Emil Cioran, Le mauvais démiurge - Œuvres

"Au zoo, tous les animaux se tiennent convenablement, à l'exception du singe. On sent que l'homme n'est pas loin."
Emil Cioran, Aveux et Anathèmes - Œuvres

E no entanto, as primeiras criaturas que reconheceram a sua mortalidade foram as primeiras a sorrir.

3.3.26

A Gaffe vitoriana


A Gaffe lê imenso e sabe que o mundo está repleto de paspalhos imbecis e o problema é que descobriu que eles estão estrategicamente colocados de modo a que dois ou três se cruzem com ela todos os dias.

A Gaffe decidiu adoptar a atitude da Rainha Vitória - quando se negou a assinar a legislação que penalizaria as lésbicas -, em relação a todas as criaturas que confunde sempre com abjectos resquícios do abominável.    

Tal como Sua Majestade, a Gaffe é muito clara, simples, definitiva e peremptória:

- Tais coisas não existem.

2.3.26

A Gaffe carismática


Não é que eu seja mal-encarada, mas não consigo esboçar a esperança de um sorriso quando me olham com ar de quem manda no planeta, do alto de 1,60 m, de lacinho pintalgado ao pescoço e sapatinho com um pequerrucho tacão a ver se passa.

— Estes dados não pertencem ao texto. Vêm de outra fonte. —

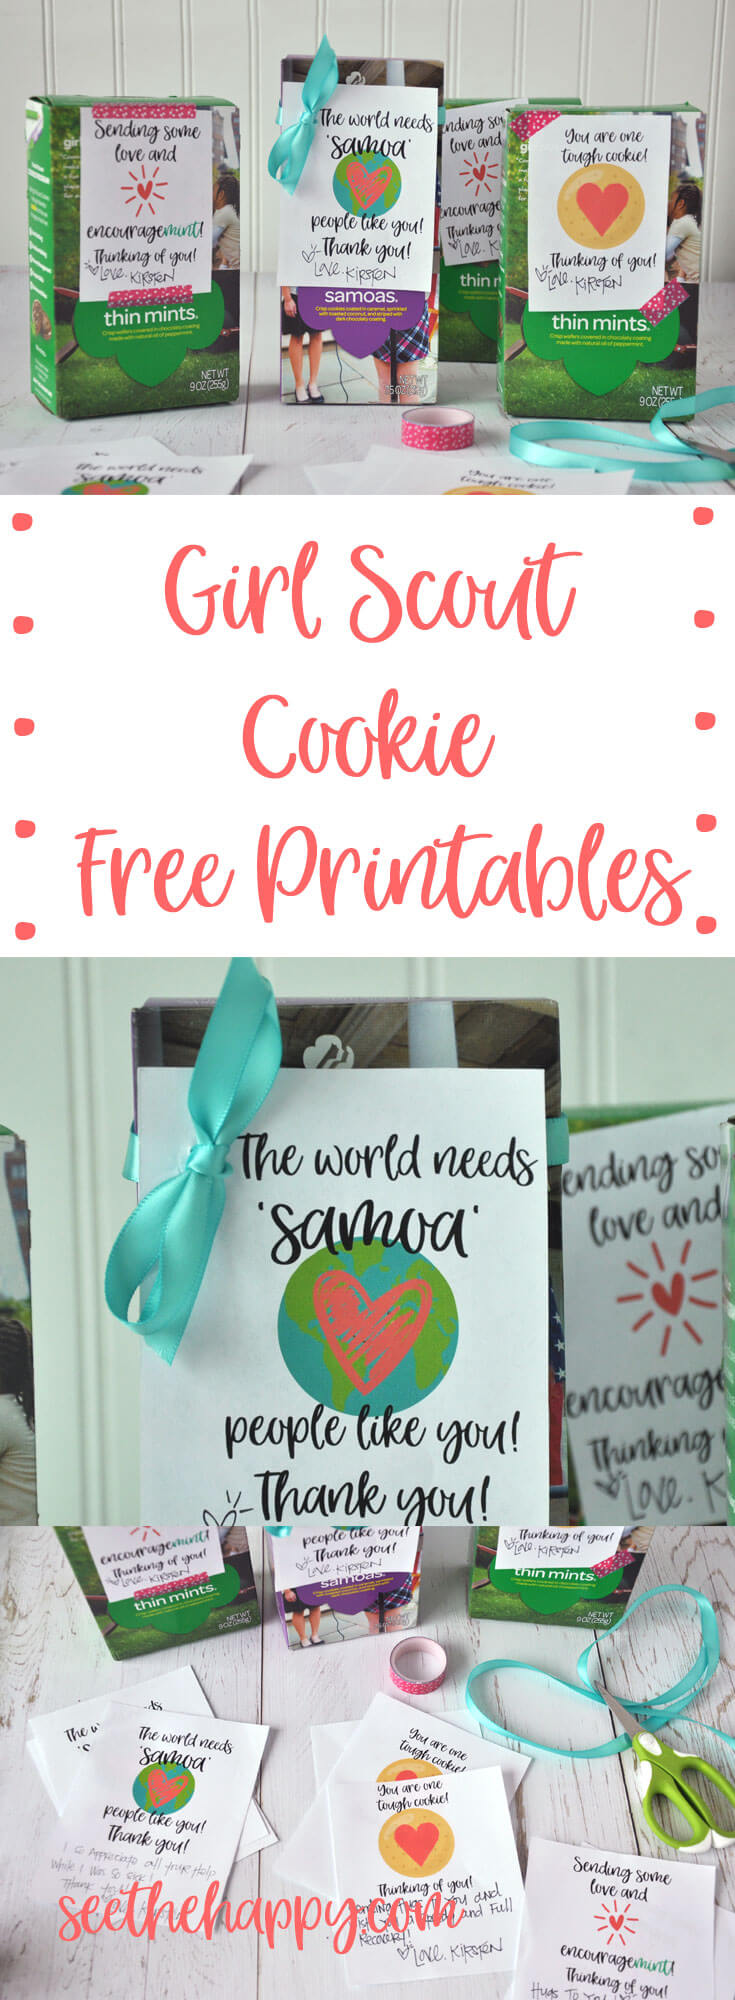 girl-scout-cookie-free-printables-a-fun-way-to-brighten-someone-s-day

Podem dizer o que disseram, podem chamar-me preconceituosa, podem afirmar que carisma não tem nada a ver com isto, podem gravar em pedra que os homens não se medem aos palmos, até podem invocar o Bonaparte, mas continuo a pensar que um homem tem obrigatoriamente de ser um bocadinho mais alto, não andar com pechisbeques a imitar os filhos adolescentes e não tentar disfarçar a careca deixando crescer as patilhas e as sobrancelhas para as pentear depois para cima da cabeça, para nos poder mostrar que sabe, pode e manda e fazer com que a gente acredite e o reconheça.